## THE TASK
Set down each line of the data below exactly as it stands, dropping the pictures.

## DATASET CONTENT
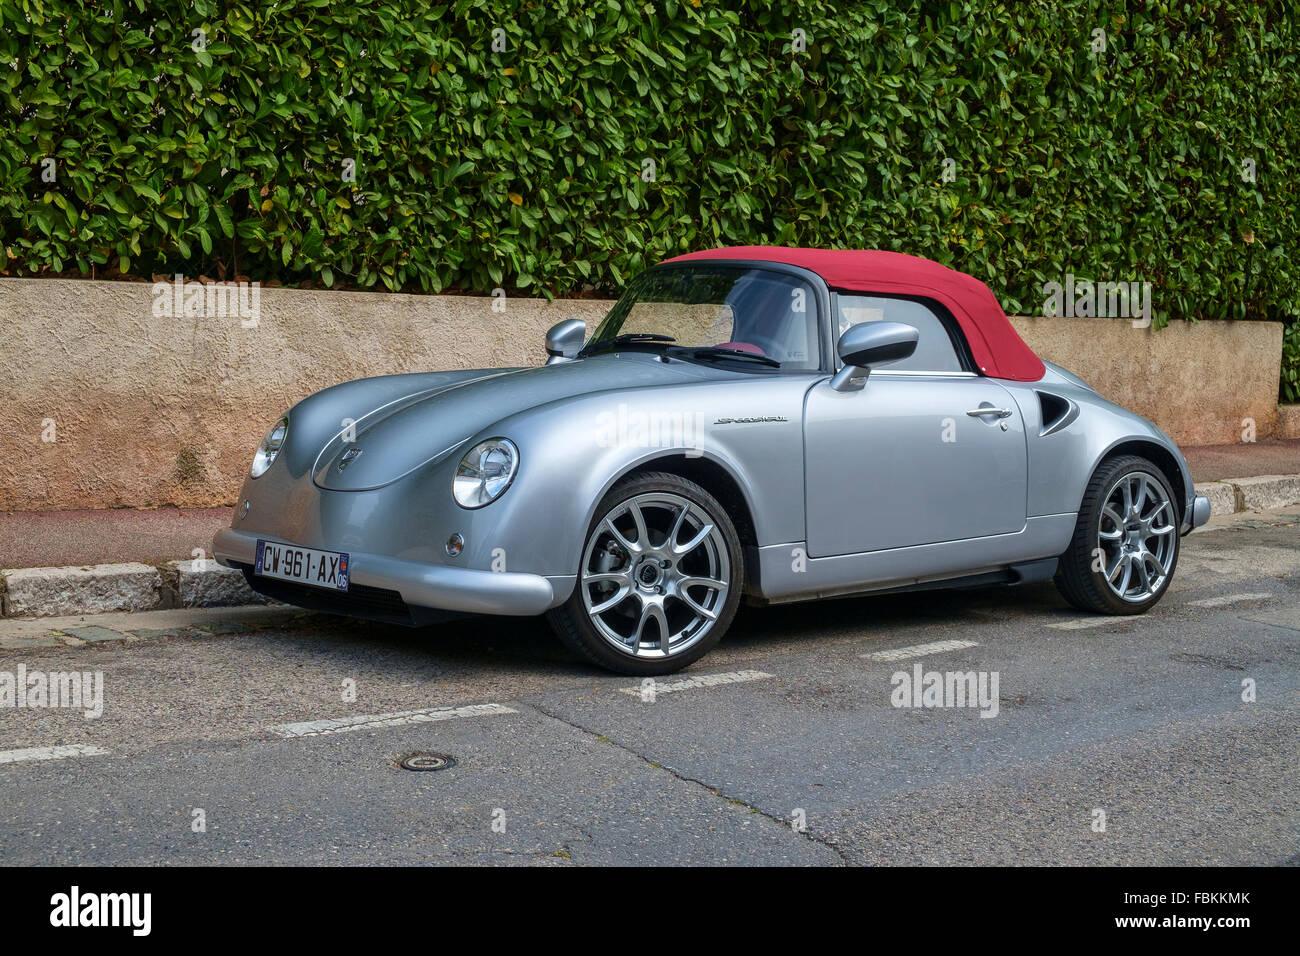 french convertible sportscar pgo speedster II 2 - Stock Image
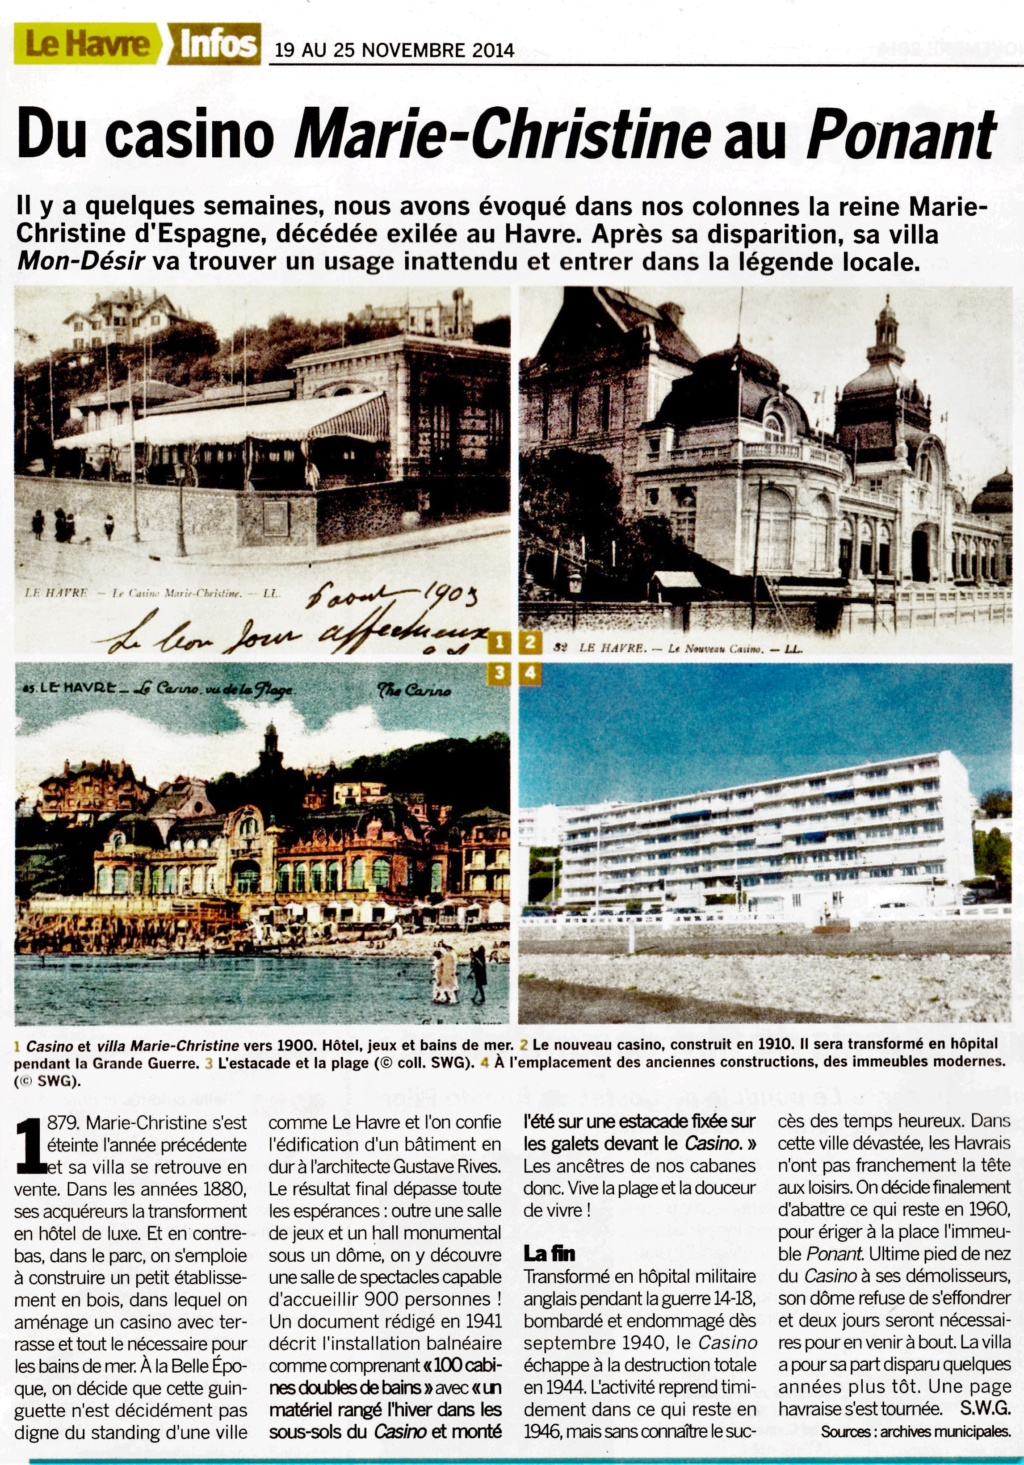 Le Havre - Casino Marie-Christine 2014-113
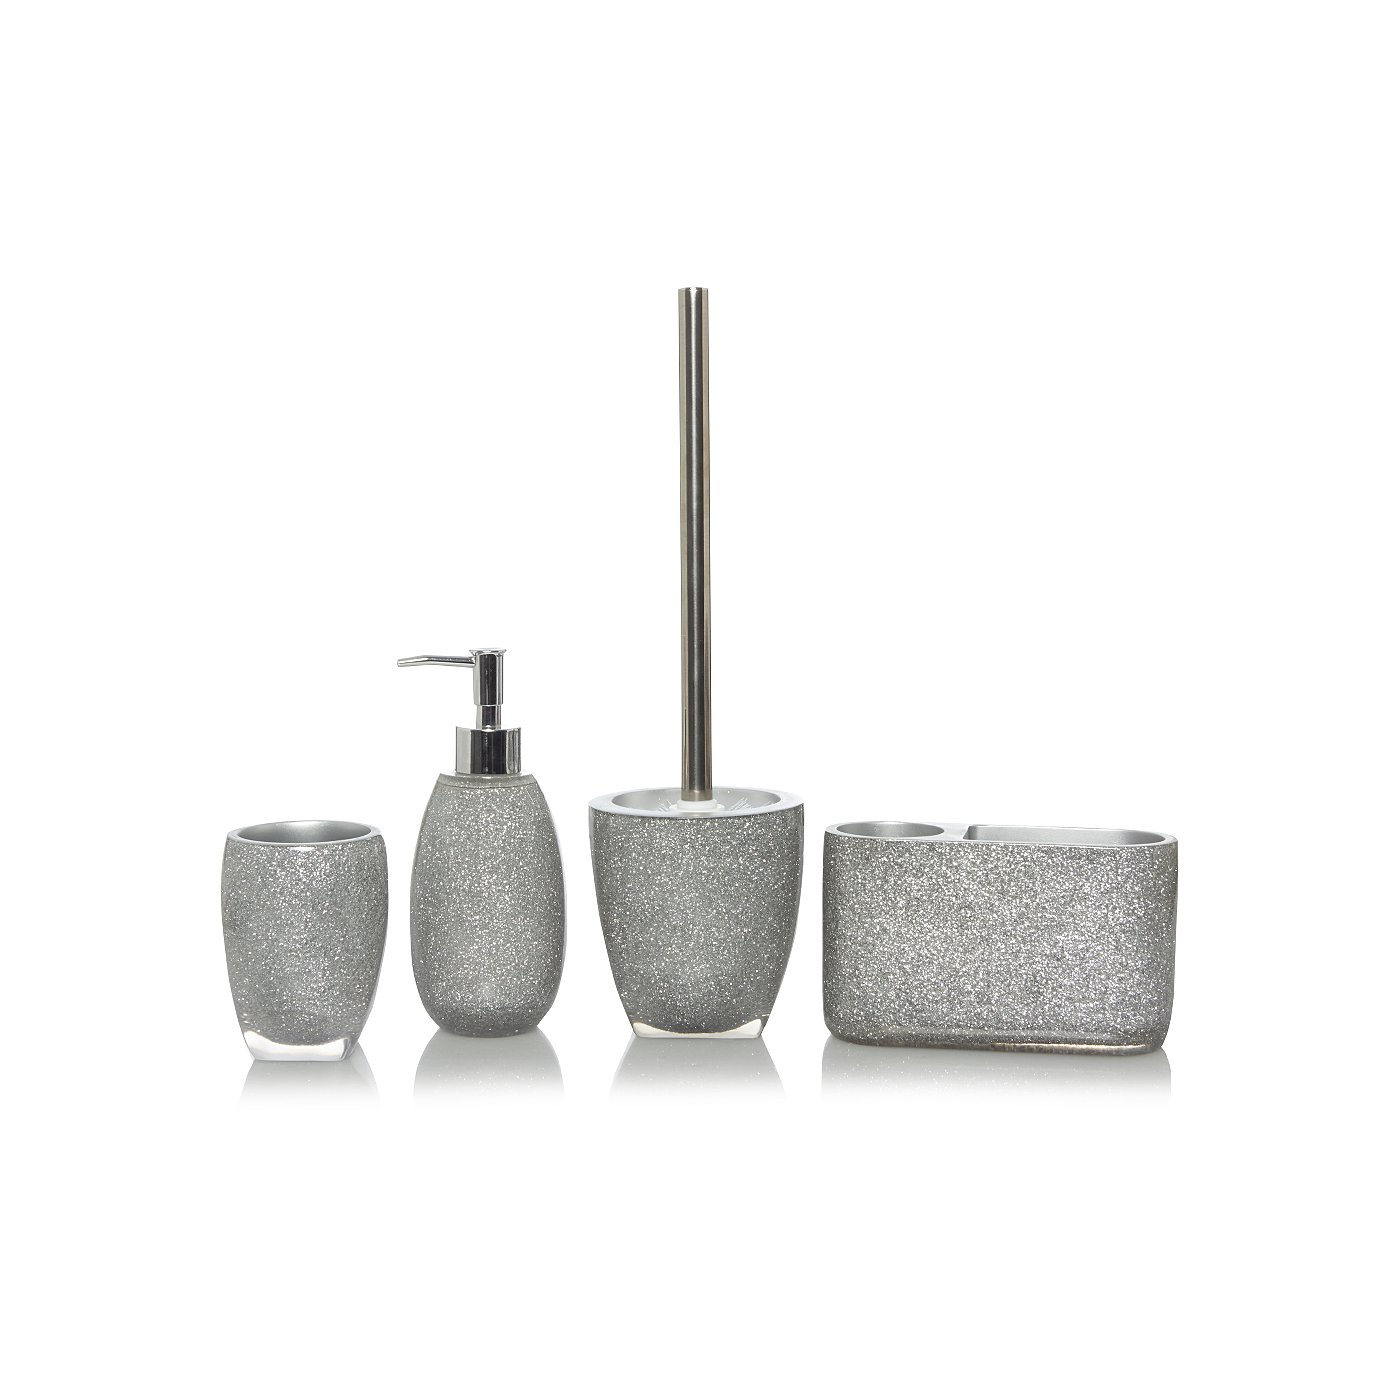 Cheap purple bathroom accessories - Silver Glitter Bath Accessories Range
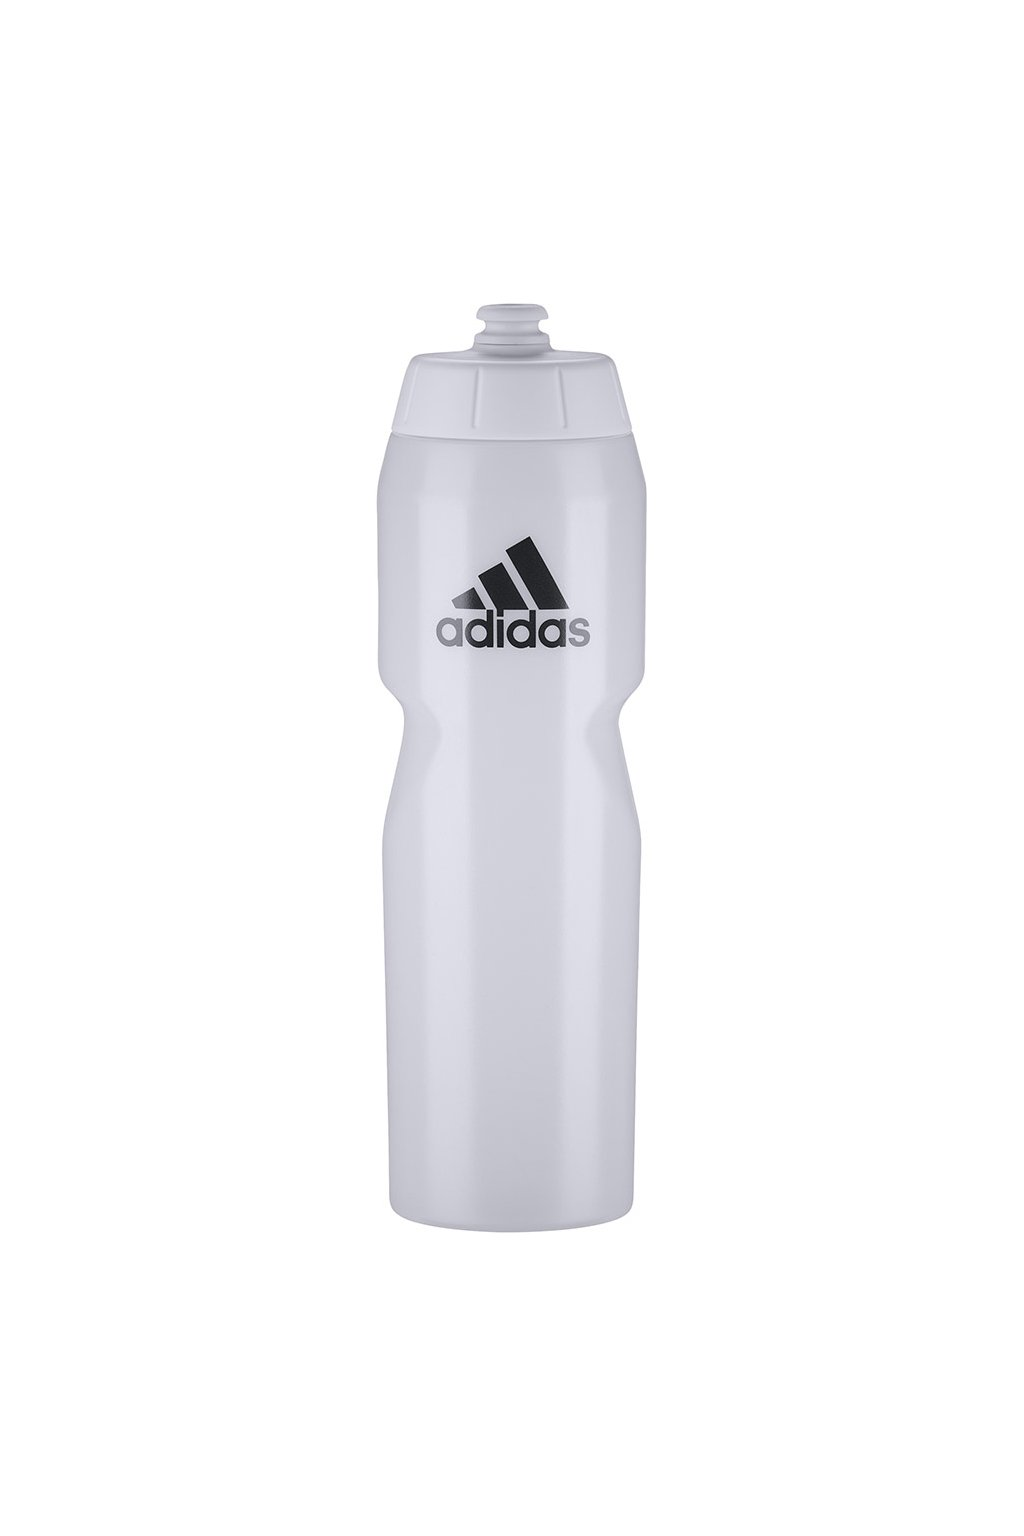 Fľaša Adidas Performance Bottle 750 ml priesvitná FT8941

## RESPONSE AREA
 french convertible sportscar pgo speedster II 2 - Stock Image
 Le Havre - Casino Marie-Christine 2014-113
 Cheap purple bathroom accessories - Silver Glitter Bath Accessories Range
 Fľaša Adidas Performance Bottle 750 ml priesvitná FT8941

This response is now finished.